Published on Jun 6, 2007
"We don't want to give anybody sleepless nights ... "
Halloween, 1992: I was 13 years old and staying over at a friend's
house. As devotees of all things supernatural, we were excited because BBC1 was showing a programme called Ghostwatch.
Its premise was to get a bunch of then-popular TV presenters (Michael Parkinson, Sarah Greene, Mike Smith and Craig Charles) and have them broadcast 'live' from a haunted house as they searched for spooks.

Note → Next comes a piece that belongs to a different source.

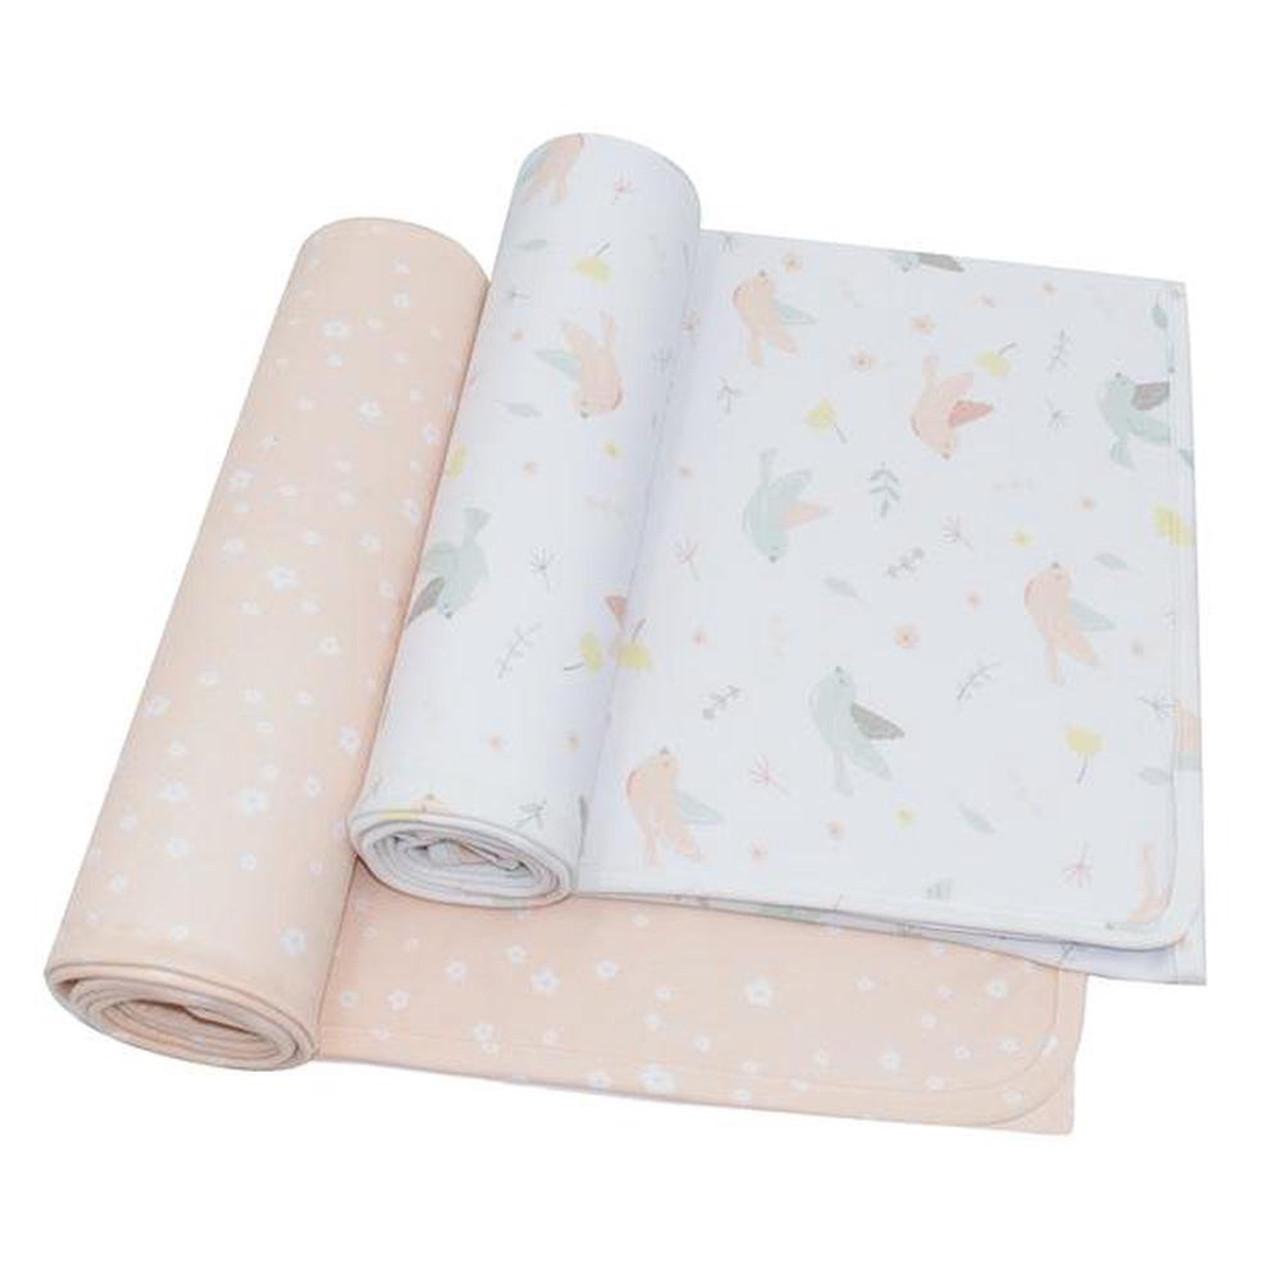 Living Textiles Jersey Wrap 2pk AVA BLUSH FLORAL

The show began in an innocuous - if not downright vapid - manner but, over the course of ninety minutes, built to a climax that had my nerves jangling like the Polyphonic Spree's tambourine section.

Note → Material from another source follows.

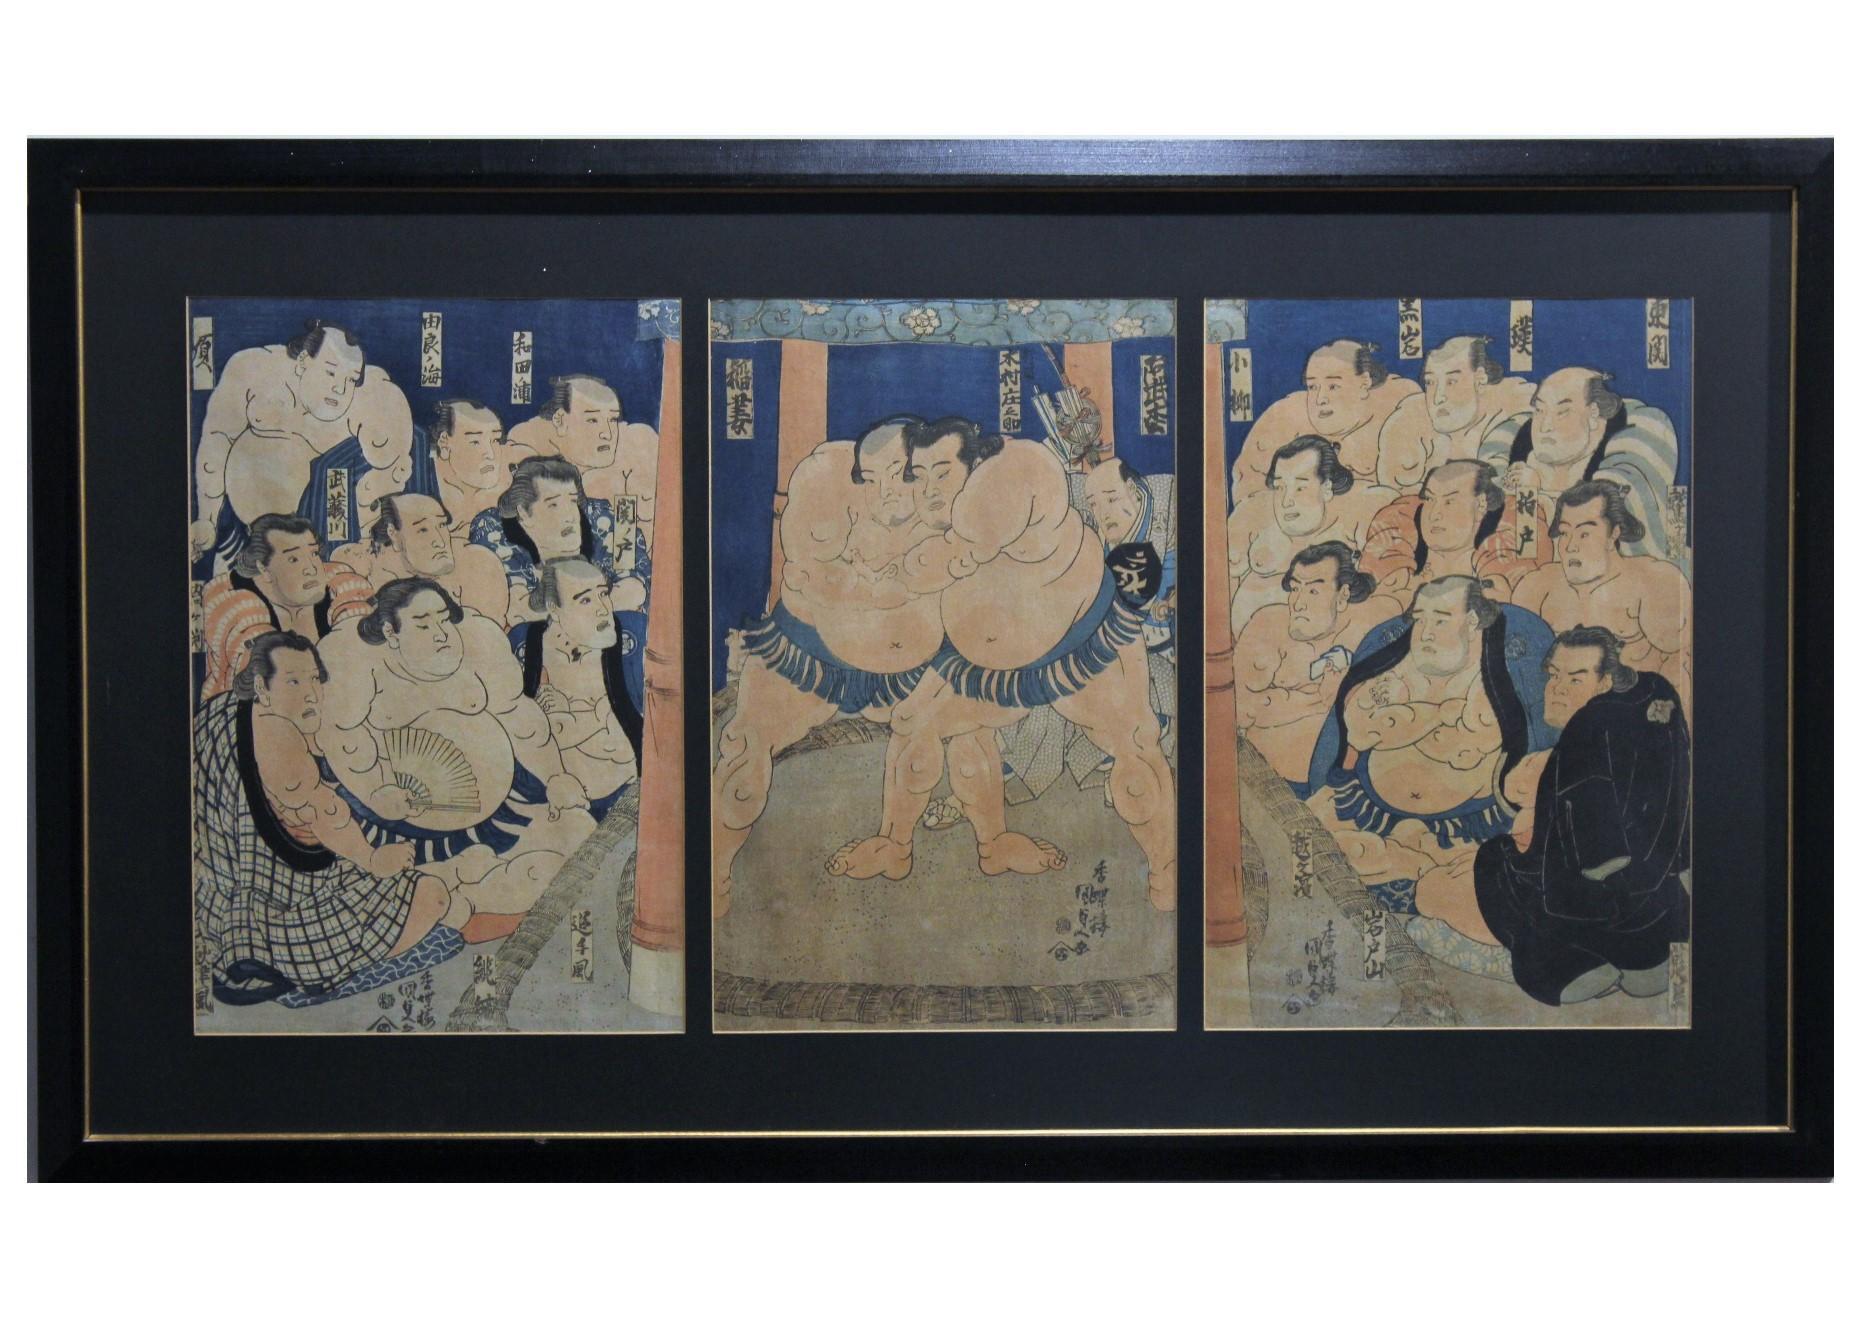 """Inazuma vs Abumatsu on the Dohyo"" Sumo Wrestle Triptych"

There was my naive teenage self, sat on my friend's couch, pointing rabidly at a scene in which 'the ghost' appears behind a curtain, screaming, "LOOK! You CAN'T do that with a camera! You can't fake that!" while my friend's mum rolled her eyes and told me quite calmly that you could. The technicalities didn't matter. I, along with several thousand others, had been thoroughly spooked.
Predictably, the complaints came in droves. The British public were
outraged that upstanding pillars like Parkinson, whom they relied on to deliver the truth, were hoaxing them. People were claiming that the show had caused symptoms of mania, had traumatised their children or had even made their household objects move and explode!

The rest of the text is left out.